We scrutinise very carefully any allegations—the hon. Gentleman has called them allegations—of human rights abuses. I can tell him about the supply of rubber gloves from Malaysia. At the peak of the pandemic, when we were seeking personal protective equipment for our NHS staff on the frontline, in care homes, we of course looked at all possible suppliers, including Malaysia, which is one of the biggest global suppliers of rubber gloves.
My hon. Friend is absolutely right to point to the continued systemic non-compliance by Iran with its JCPOA commitments. Of course, Iran is still subject to wide-ranging sanctions. We strongly urge Iran to halt all its activities in violation of the JCPOA and, in line with the new US position, come back to the table and make sure that we can conclude a return to the JCPOA. I would just say that we do not believe that those negotiations can remain open-ended forever.
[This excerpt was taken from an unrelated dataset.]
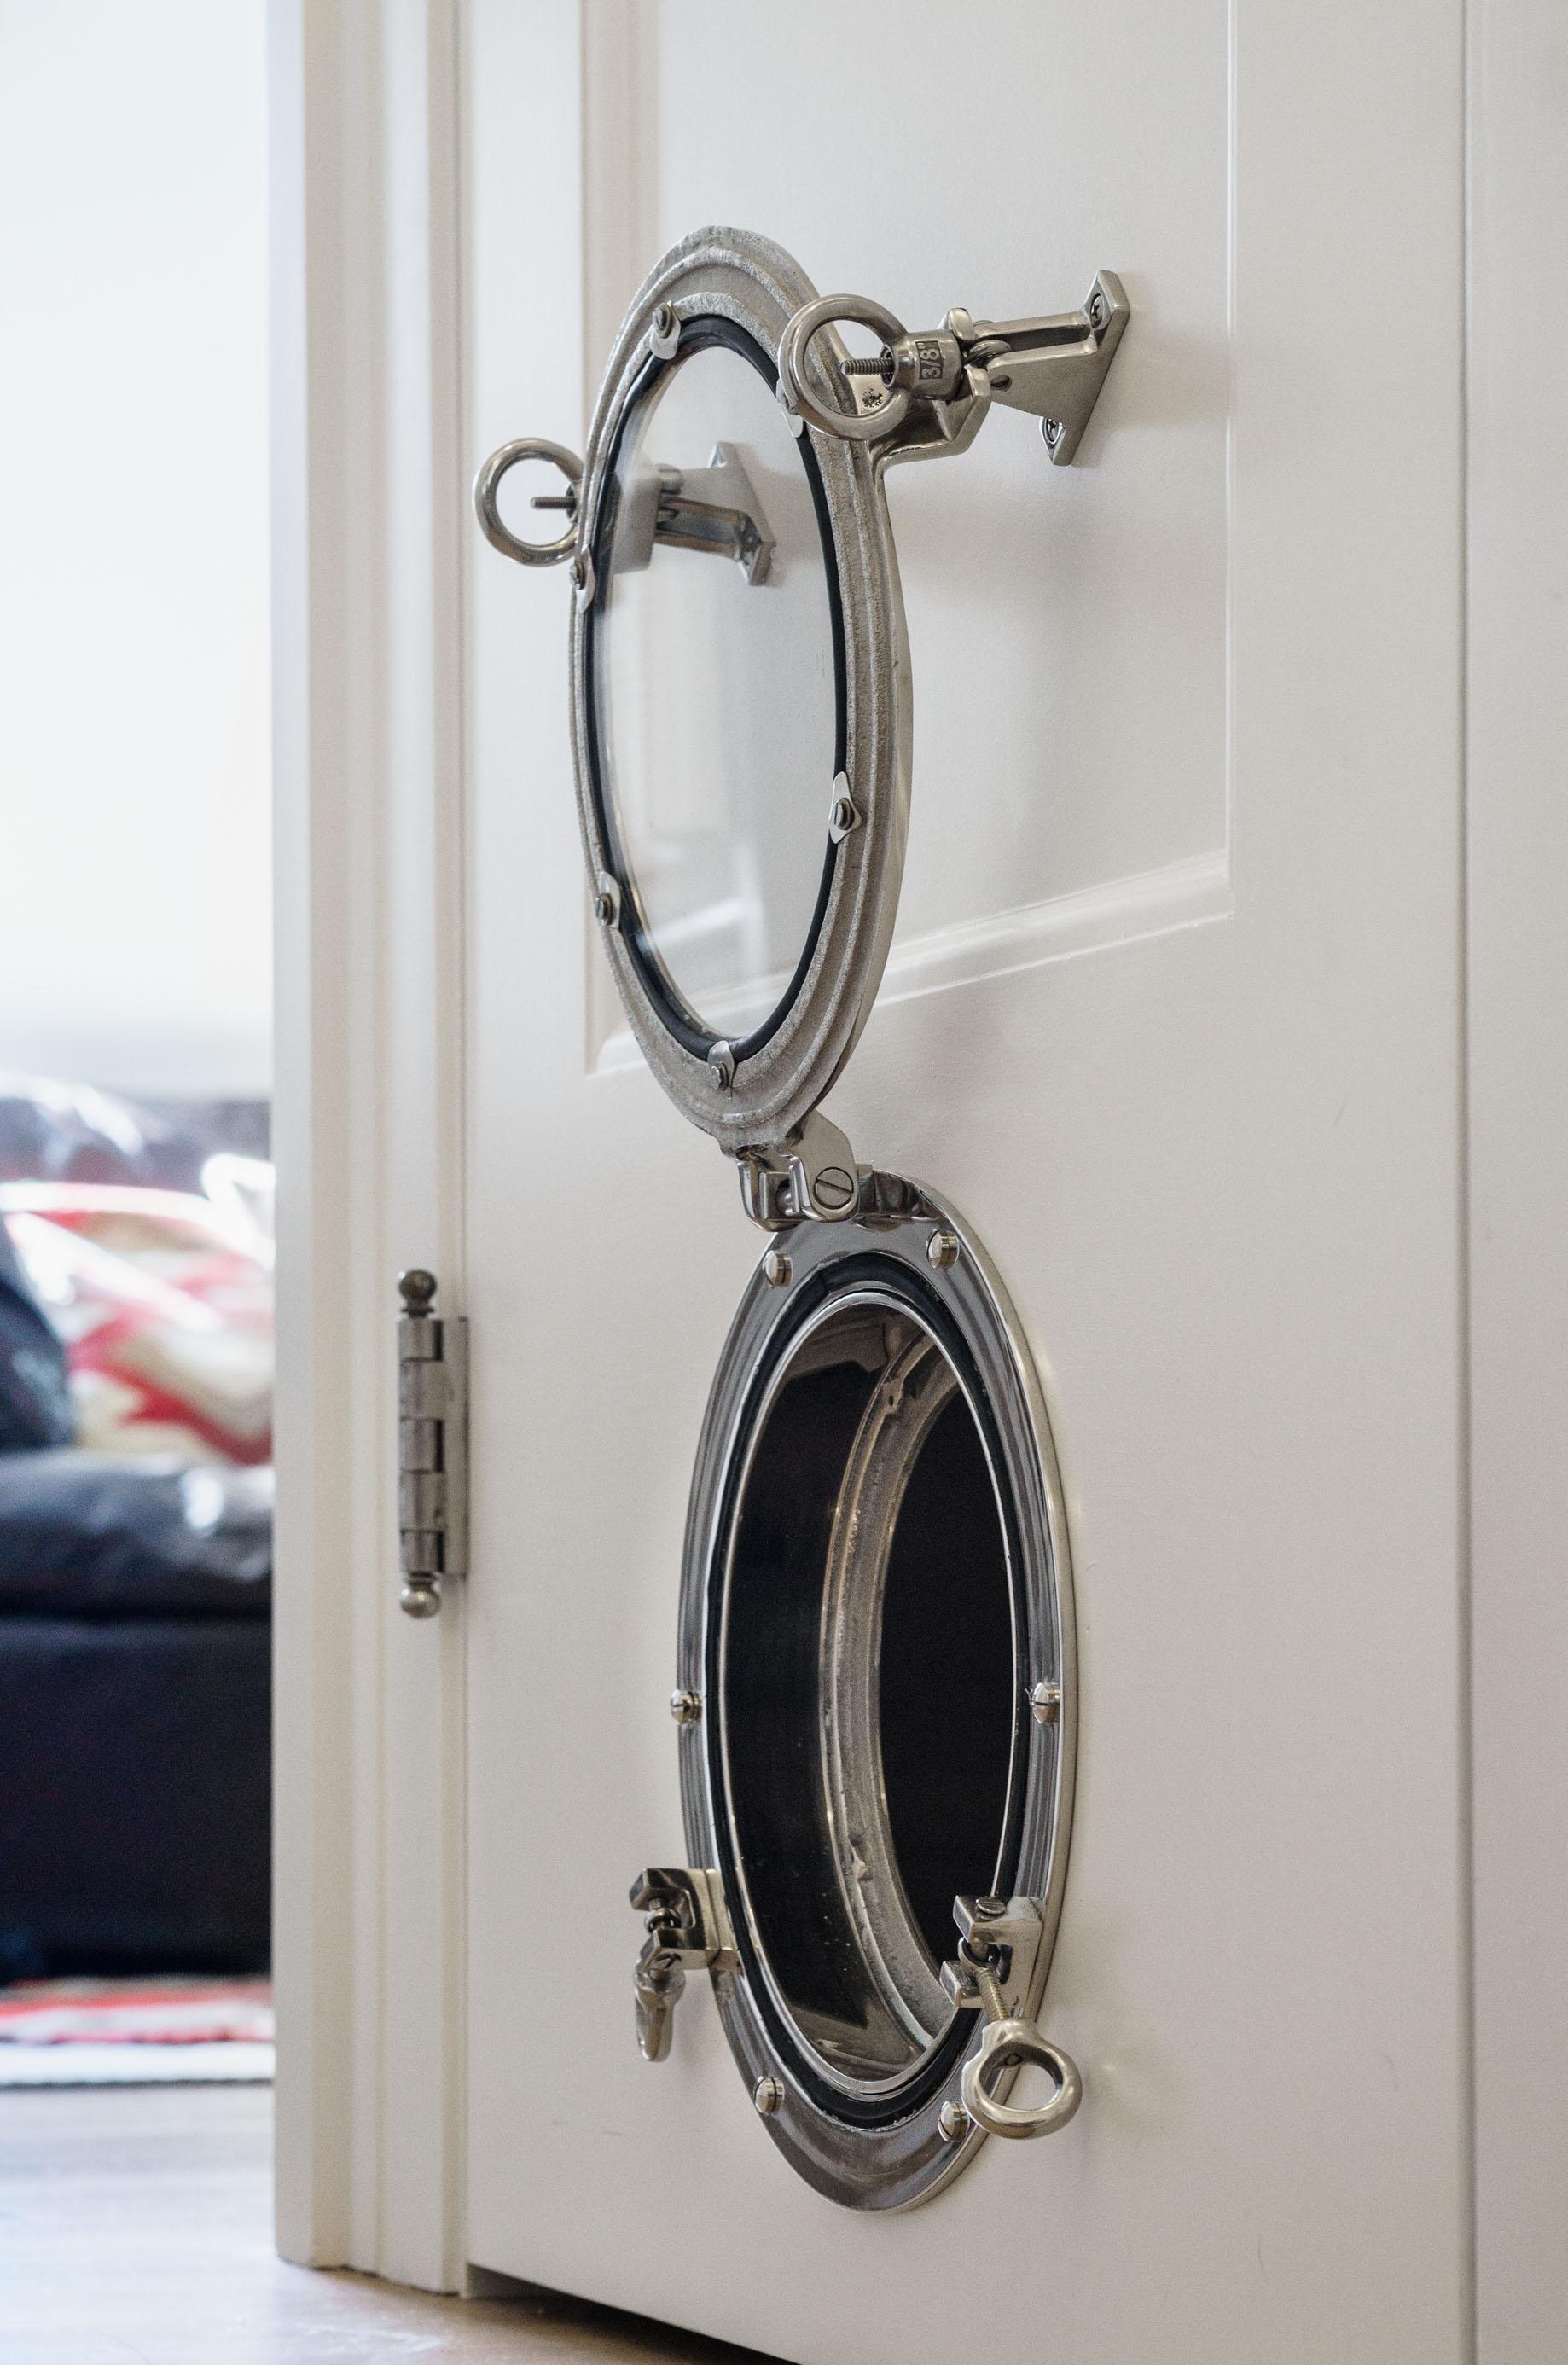 The Porthole pet door.

I totally agree with the hon. Lady. I have been out to both Israel and the west bank twice. We are a stalwart supporter of Israel, but we also, not least because of our principled approach to international law, make it clear, whether on the evictions, the demolitions in Jerusalem or the broader question of settlement building, that they are not just contrary to international law but entirely counterproductive to the peace set-up we need to see for a durable two-state solution for both Israelis and Palestinians.
Labour Members are talking about cuts. We have just made the biggest ever donation to the Global Partnership for Education, a 15% increase on last time. As a result, at the G7 we corralled one of the biggest G7 sets of donations—close to $3 billion. We are hosting, with our Kenyan friends, the Global Education summit in the next few days. The point is that, through the leadership of our official development assistance contribution and our diplomatic leadership, we are bringing the world together in pursuit of two targets: 40 million more girls receiving 12 years quality education, and 20 million more girls literate by the age of 10.
Our position on the Armenian genocide is unchanged, but certainly in relation to the other disputes the hon. Lady mentioned, we of course work with the international community to try to alleviate the plight of those on all sides who are suffering.